▸ **Problem description**
A verbatim transcript of the data that follows, free of images, is the expected result.

▸ **Raw data**
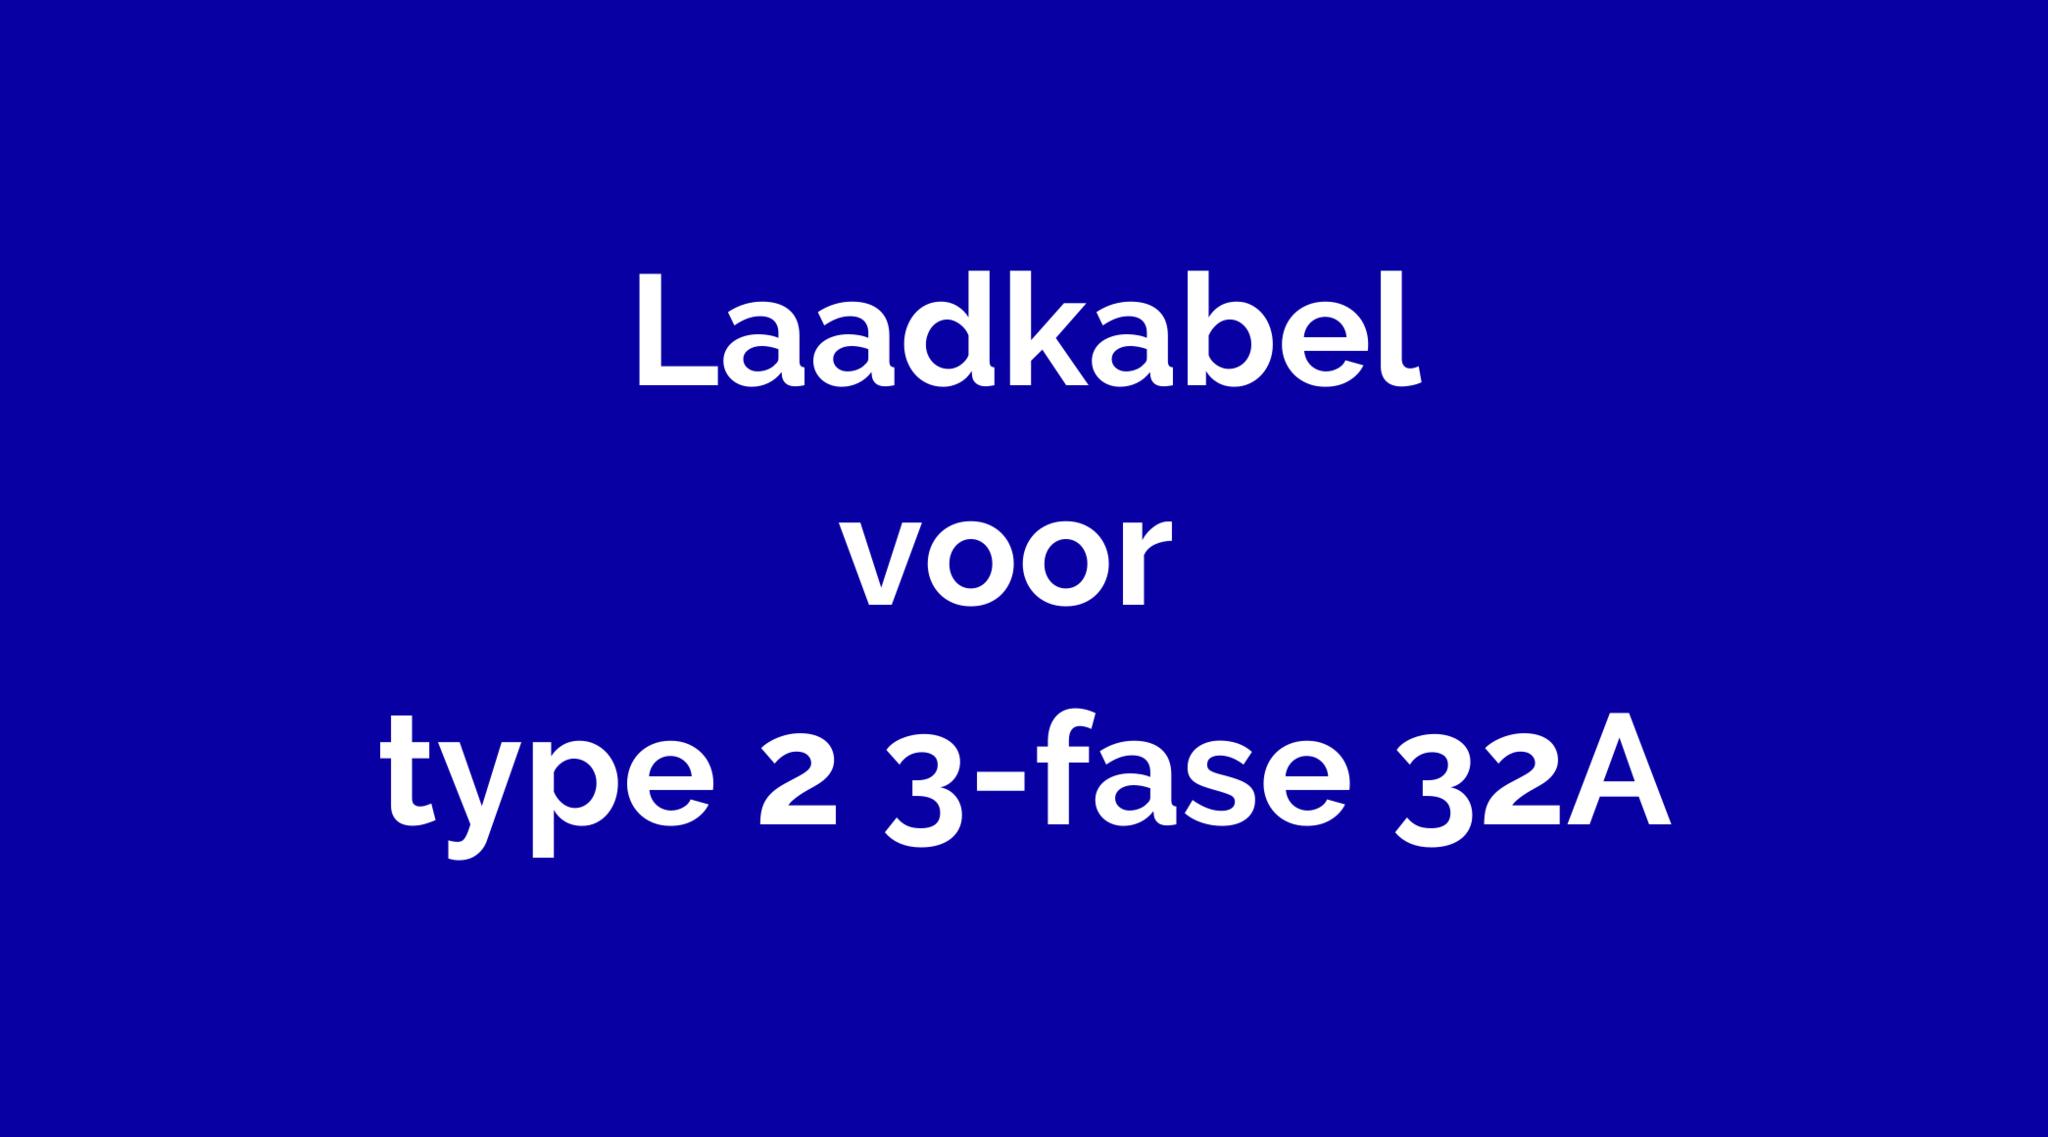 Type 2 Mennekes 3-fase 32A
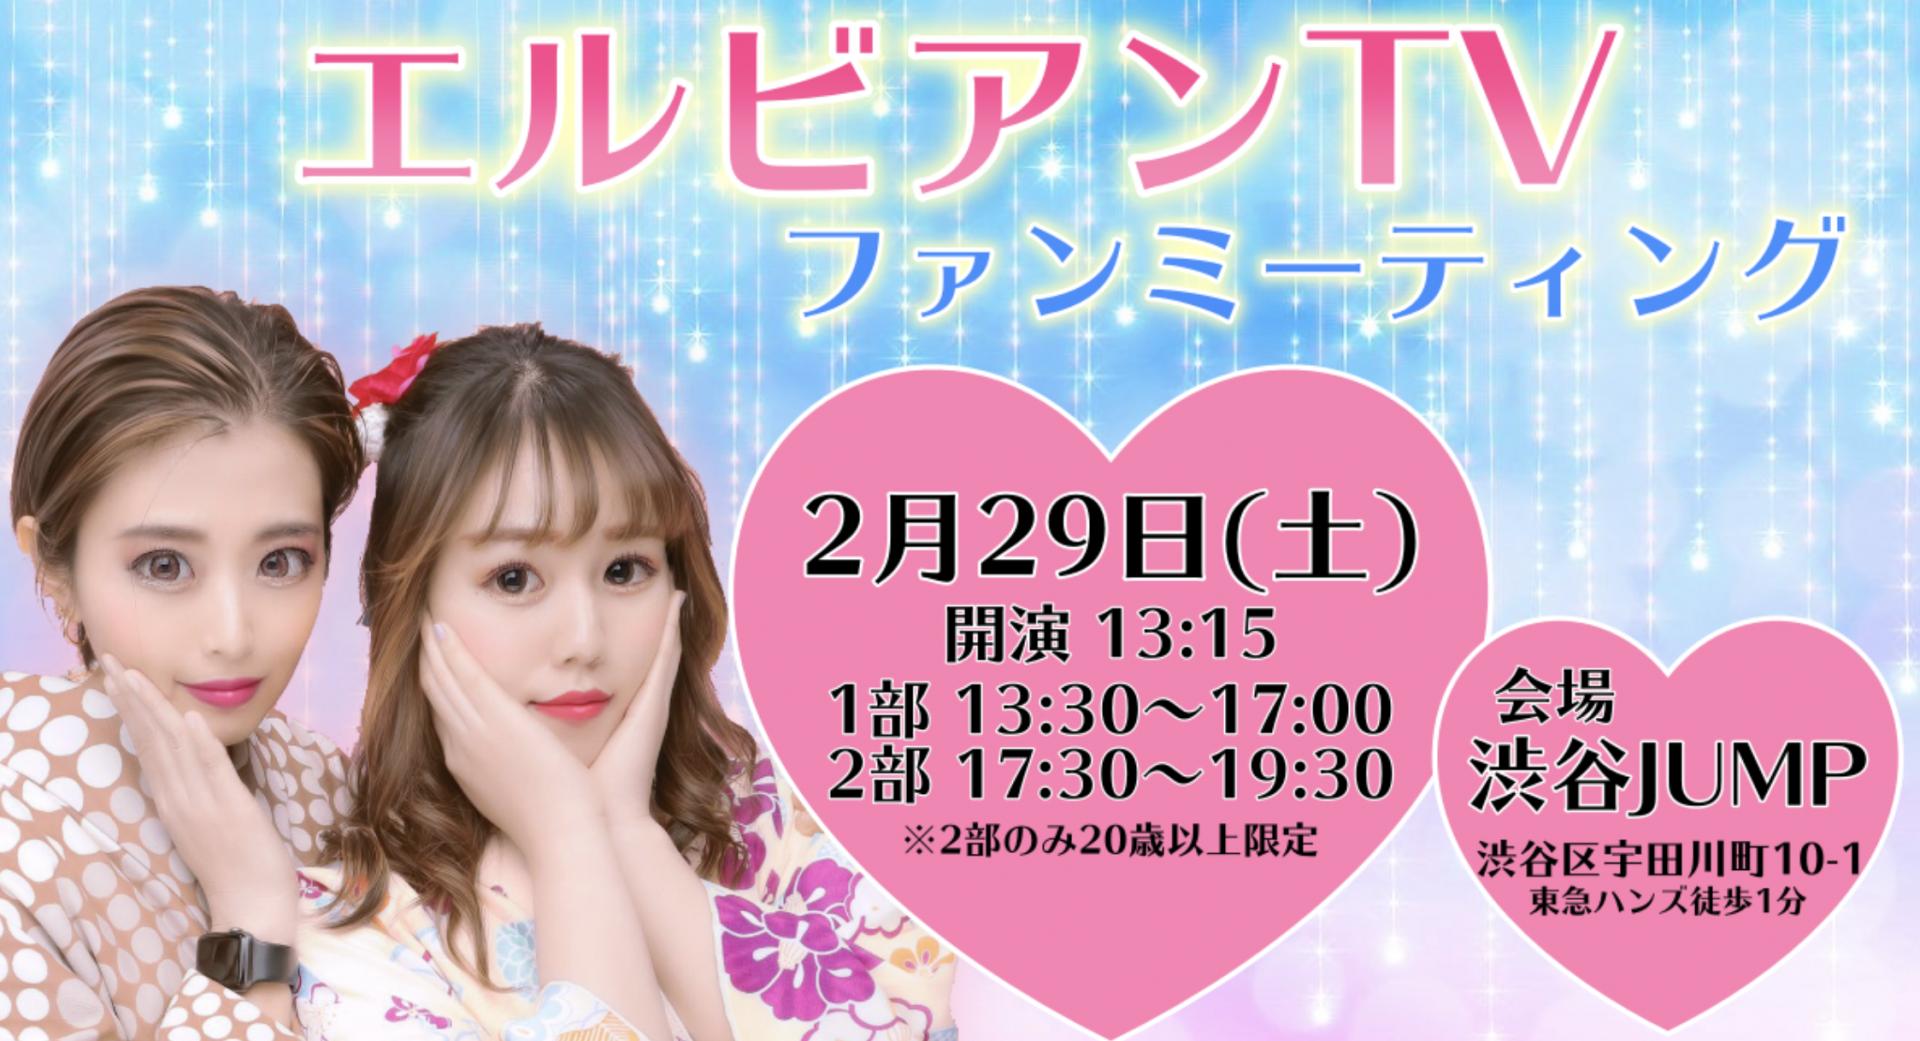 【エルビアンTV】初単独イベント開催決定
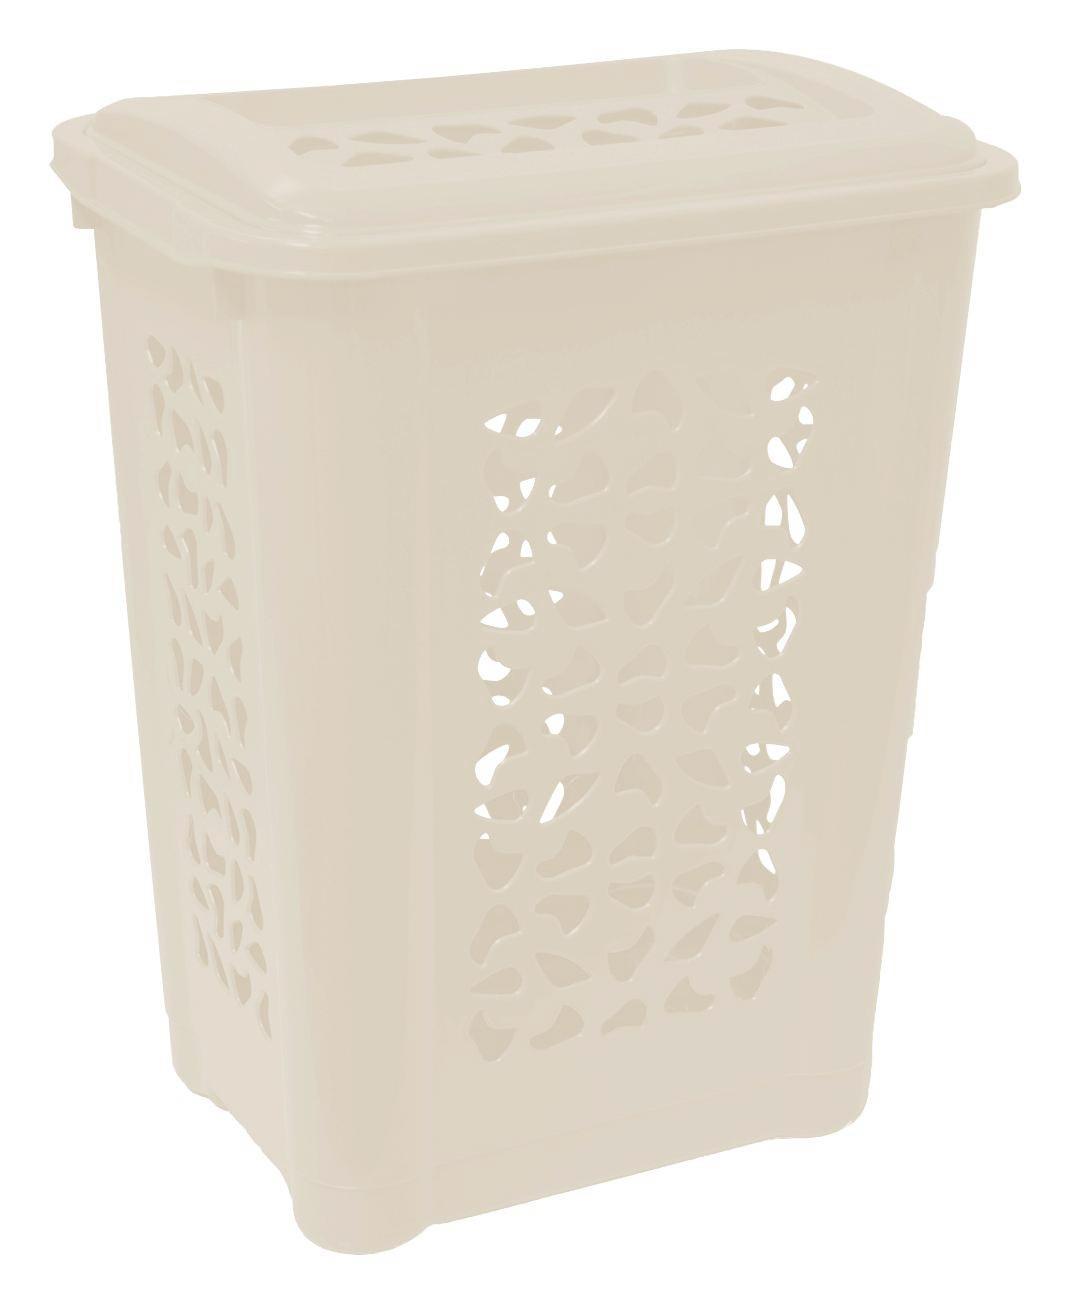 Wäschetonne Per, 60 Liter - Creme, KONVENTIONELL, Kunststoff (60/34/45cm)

▸ **Answer space**
 Type 2 Mennekes 3-fase 32A
 【エルビアンTV】初単独イベント開催決定
 Wäschetonne Per, 60 Liter - Creme, KONVENTIONELL, Kunststoff (60/34/45cm)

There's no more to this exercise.